Millions of Australians have lost their jobs, many are relying on government support including JobSeeker and JobKeeper, and a large portion of the workforce won’t be able to return to employment easily once the pandemic passes.

It would have seemed unimaginable a year ago that millions of Australians would have the ability to break into their super early. Picture: IStock
It would have seemed unimaginable a year ago that millions of Australians would have the ability to break into their super early. Picture: IStock

Ultimately someone has to pay for this legislated increase and given we are in one of the toughest financial situations any one of us have ever lived through, now is not the time to be upping the SG rate.

It’s all well and good for those running the funds and unions – who are key players in the industry – to plead the SG rises are critical to ensuring Australians are less reliant on the age pension at the other end of their lives. But who foots the bill?

The legislated rise to 12 per cent must be delayed.
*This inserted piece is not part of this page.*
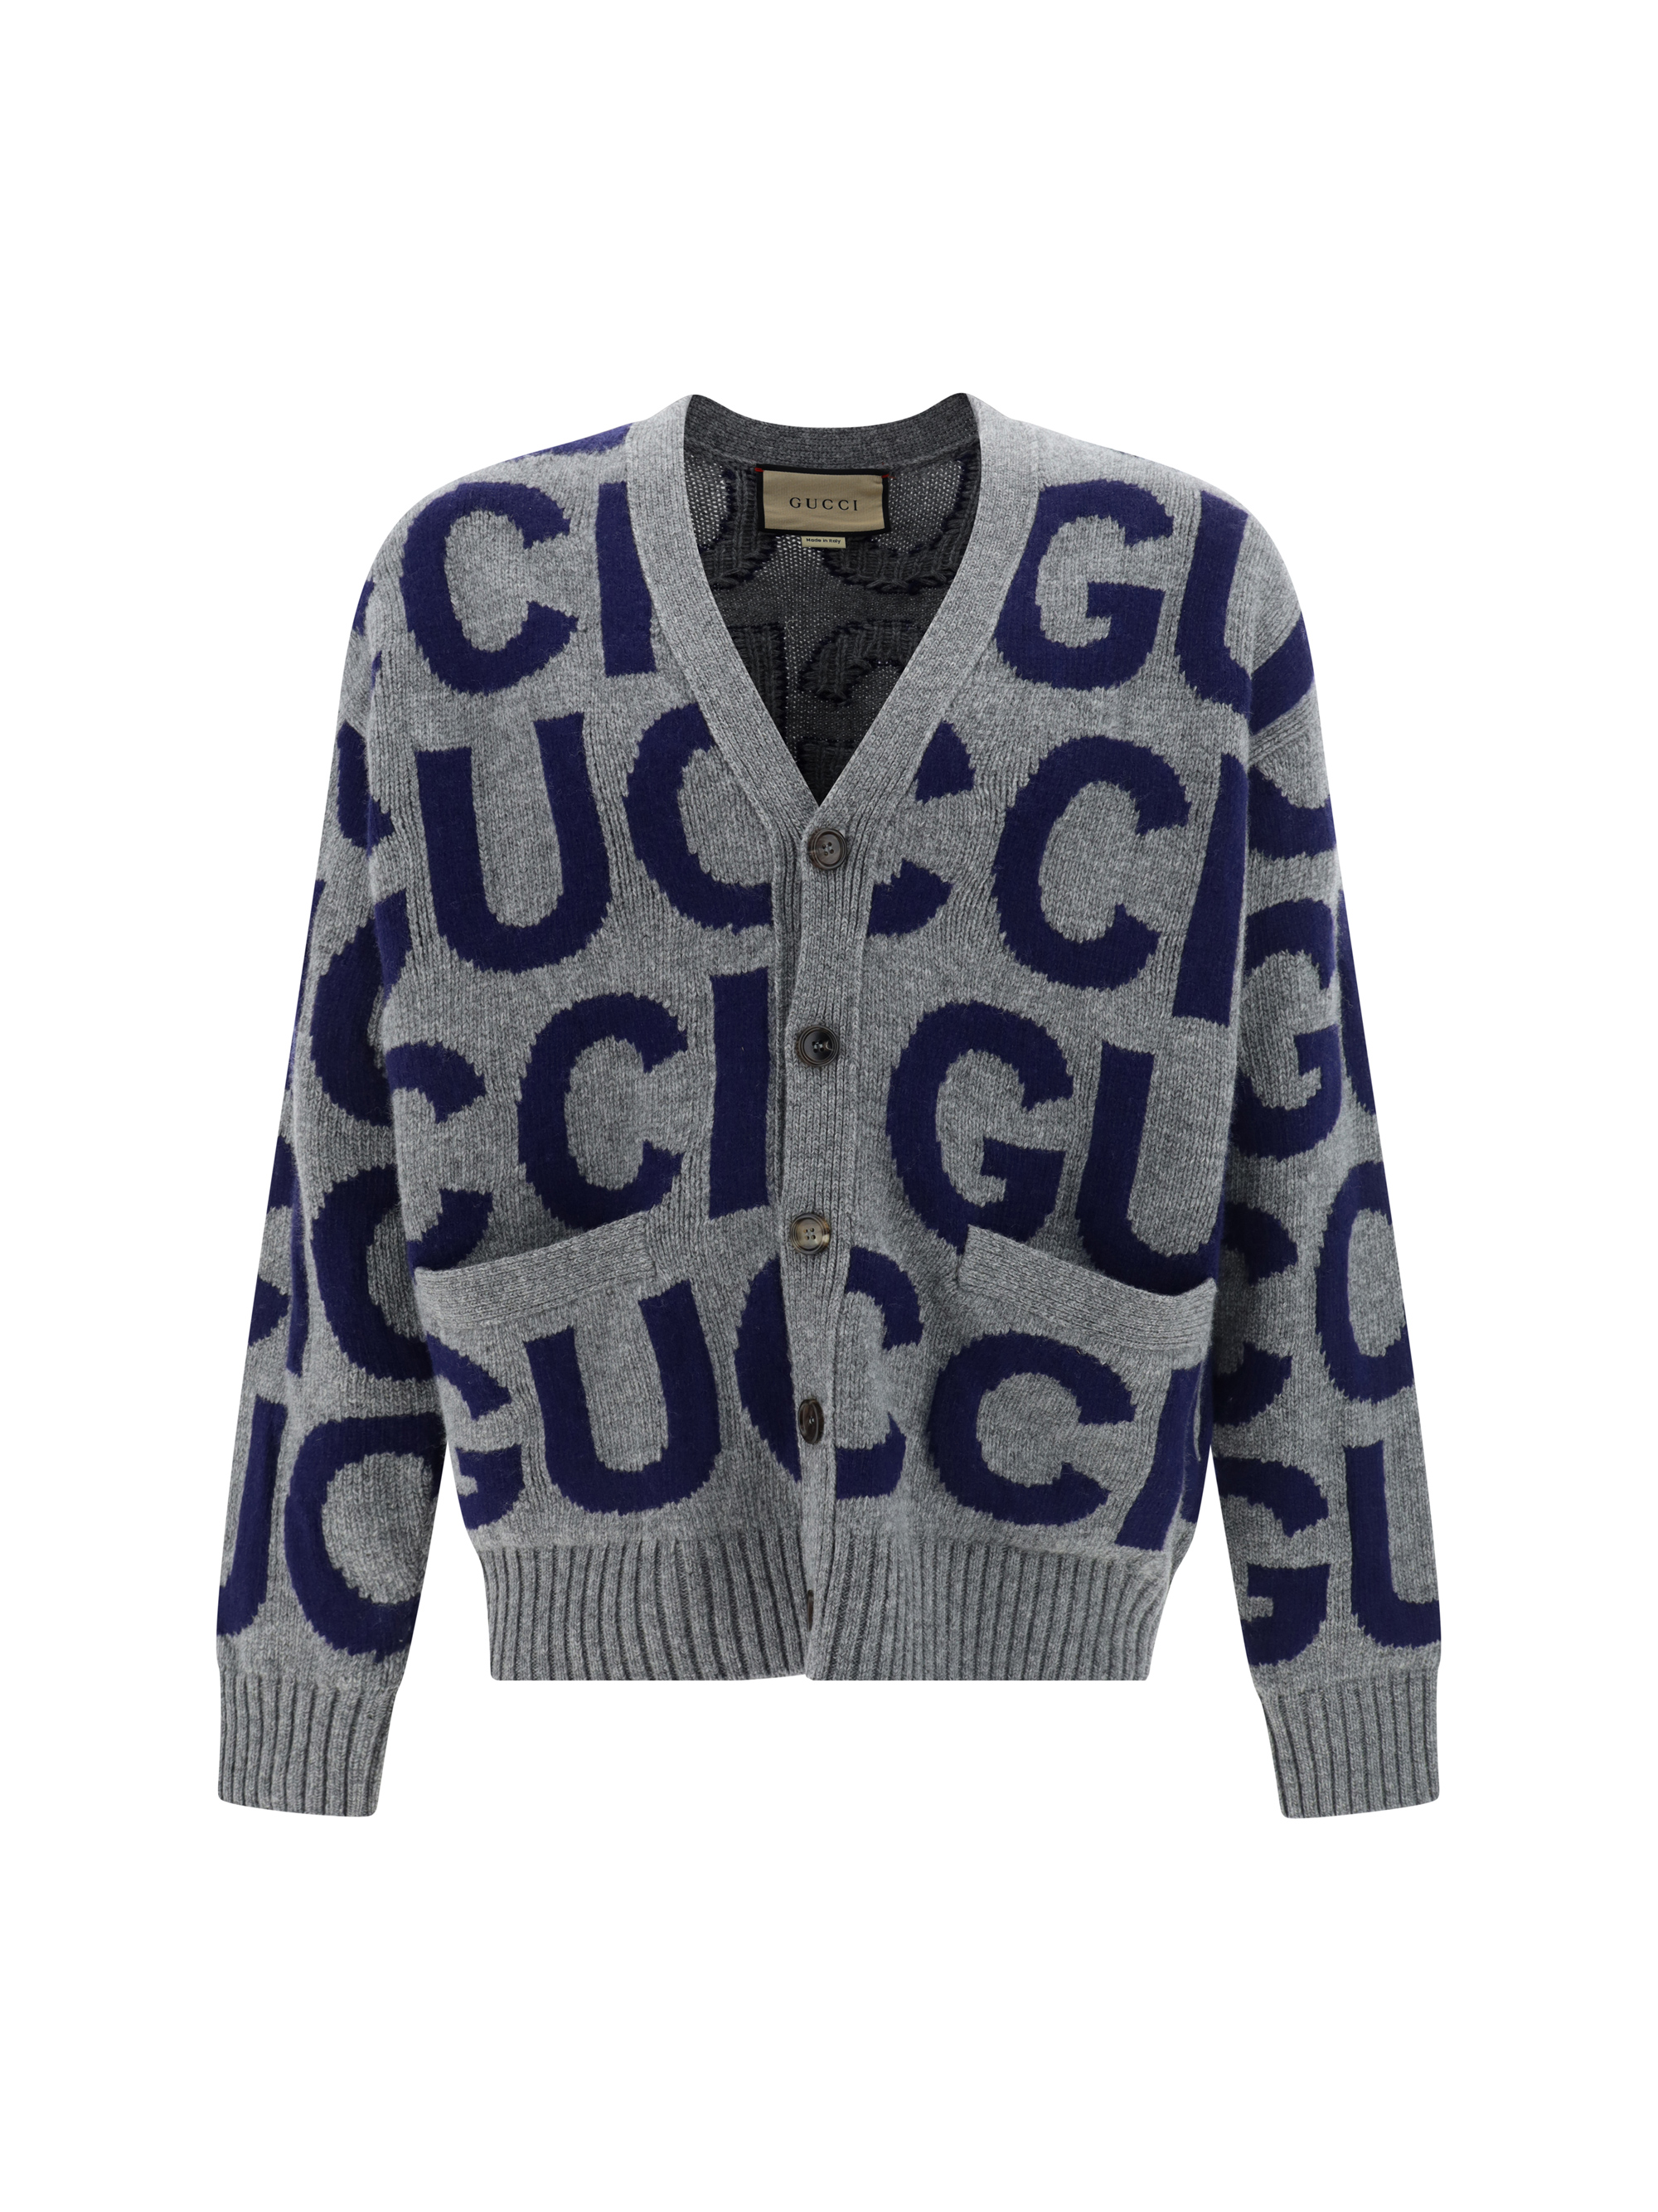 Gucci Cardigan In Grey/blue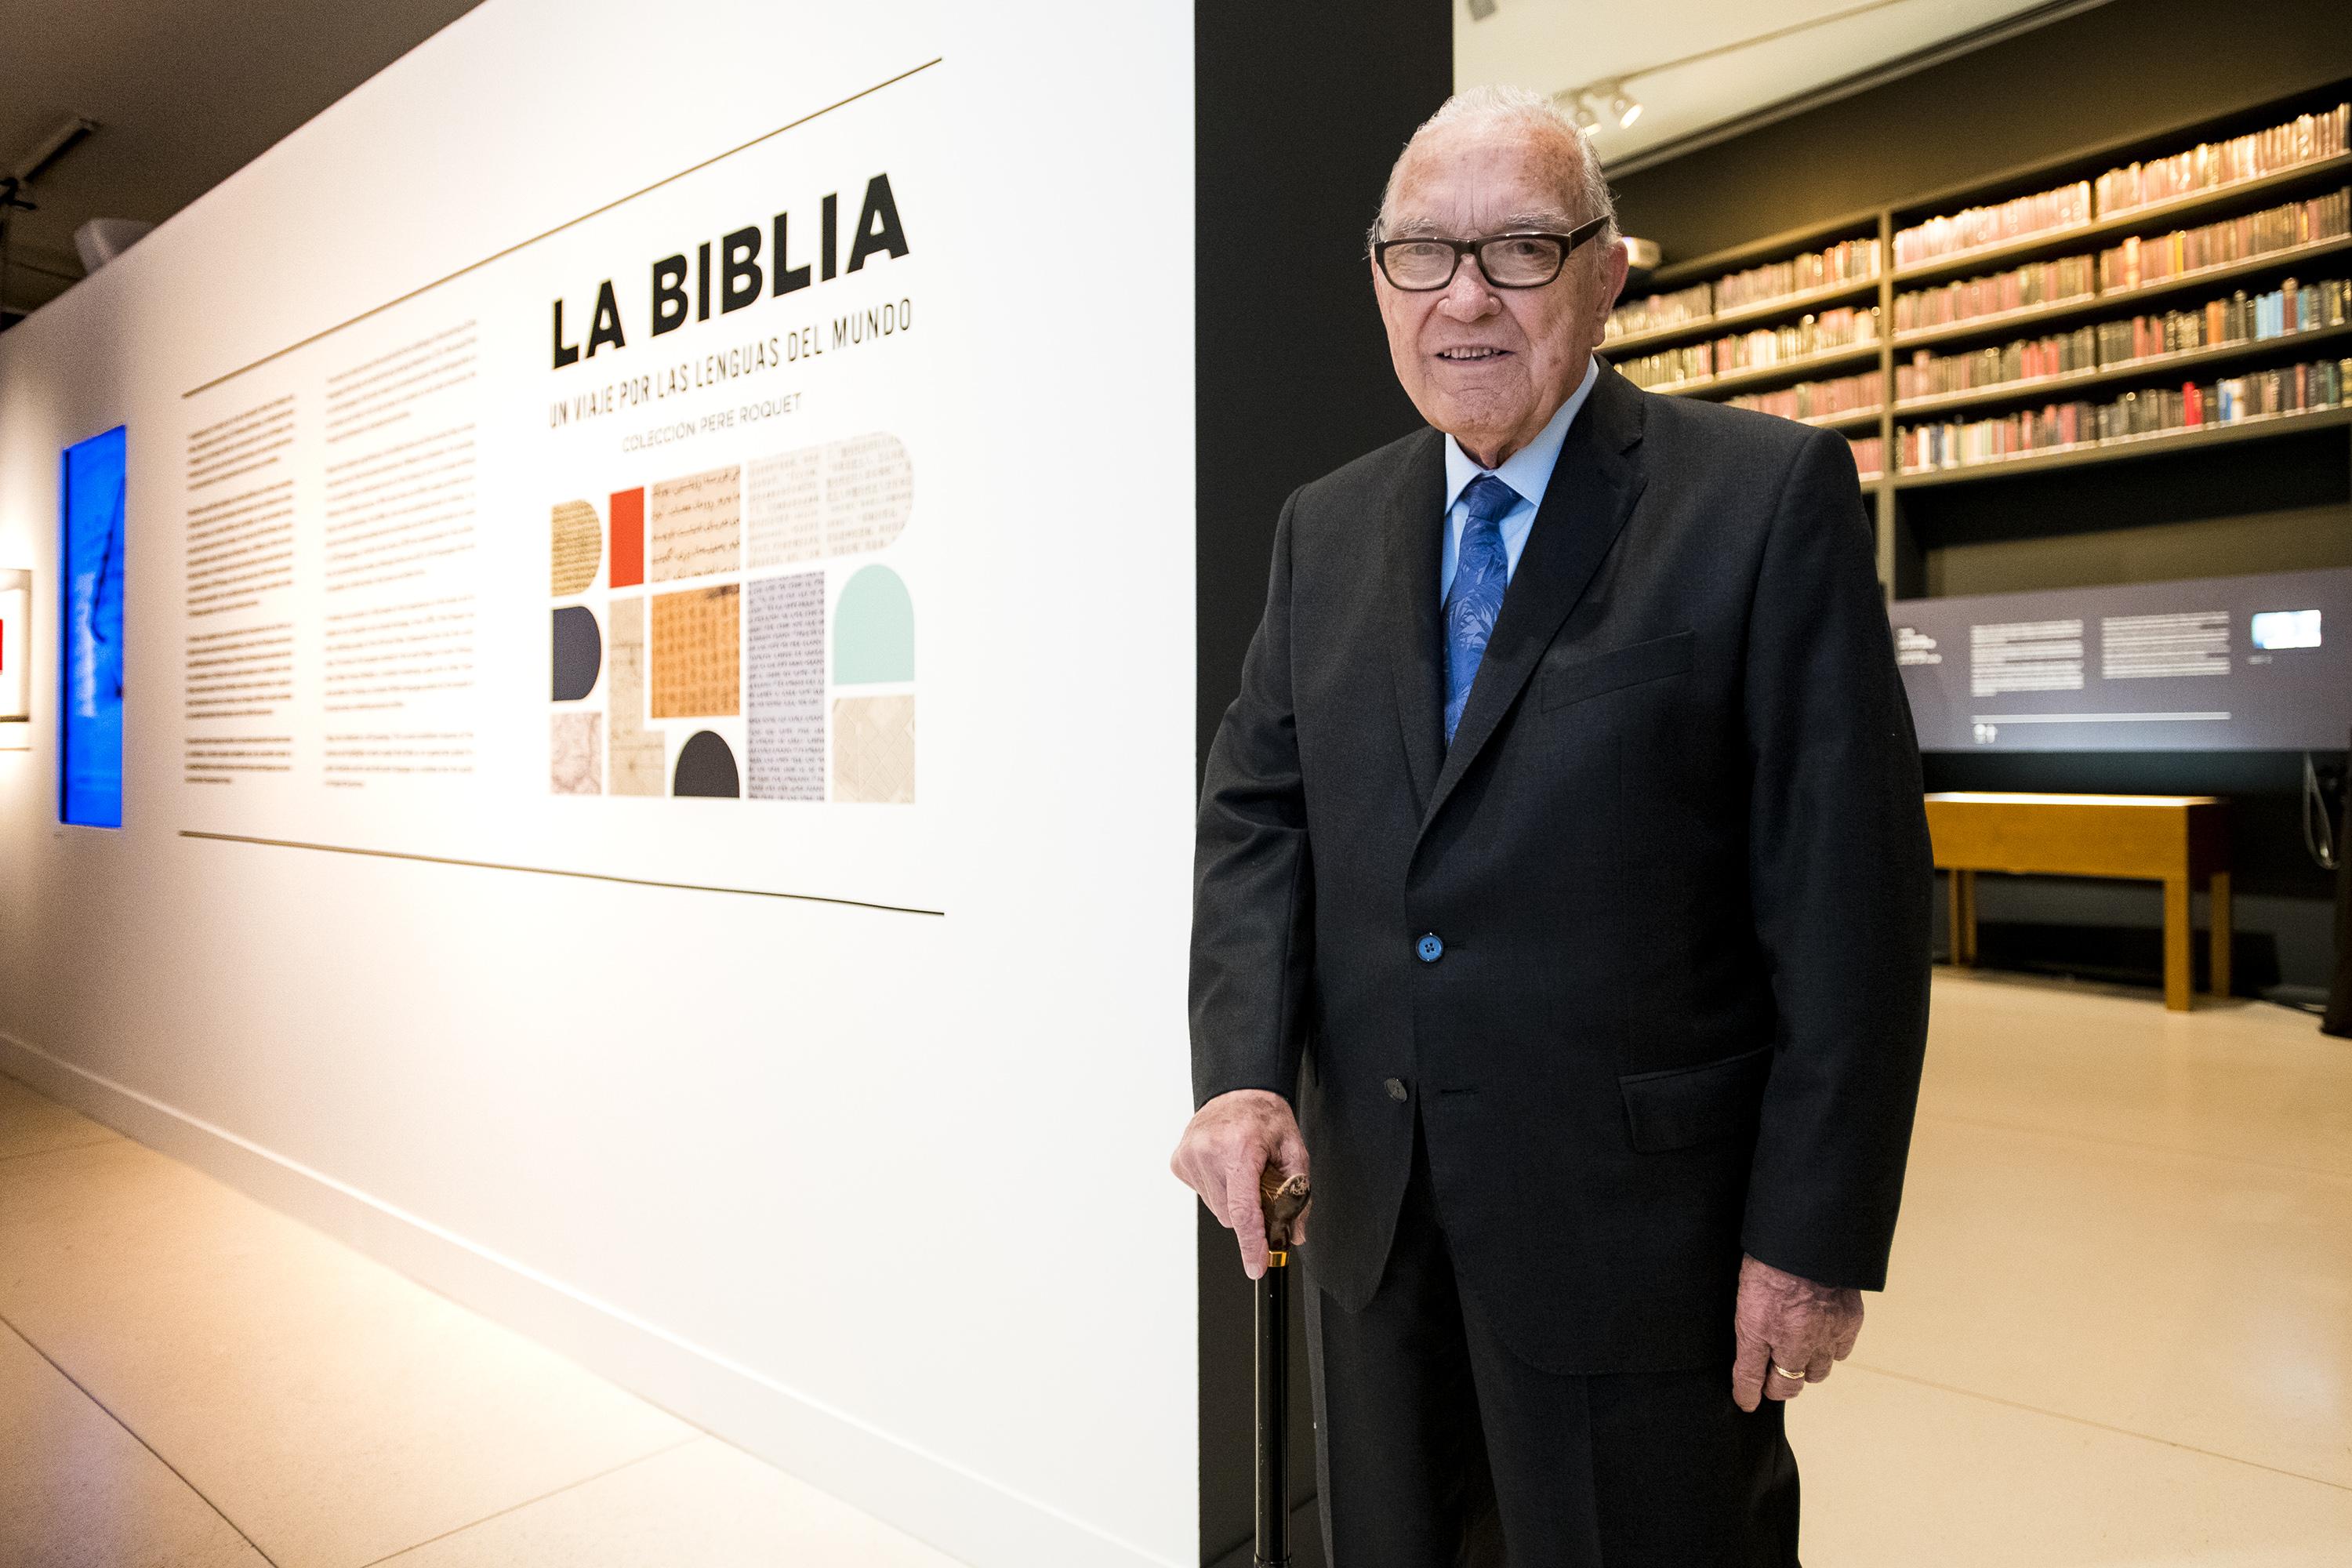 Pere Roquet, el impulsor de la colección de Biblias, que se muestran en CaixaForum Madrid, presentando la exposición La Biblia. Un viaje por las lenguas del mundo.

Workers will not be getting pay rises anytime soon and if the SG rises do proceed employees can be pretty damn sure they will have Buckley’s chance of getting any wage increases for a long time.

If the rate does rise this will leave less take-home pay for many Australians at a time when they desperately need it.

It won’t automatically result in a pay rise.

For instance if you earn $1000 a week and 9.5 per cent is taken for super, that leaves you with $905.

When the rate rises to 10 per cent this will leave you with $900 in your hand, unless of course your employer increases your salary which seems unlikely given the financial strain many businesses are under during the pandemic.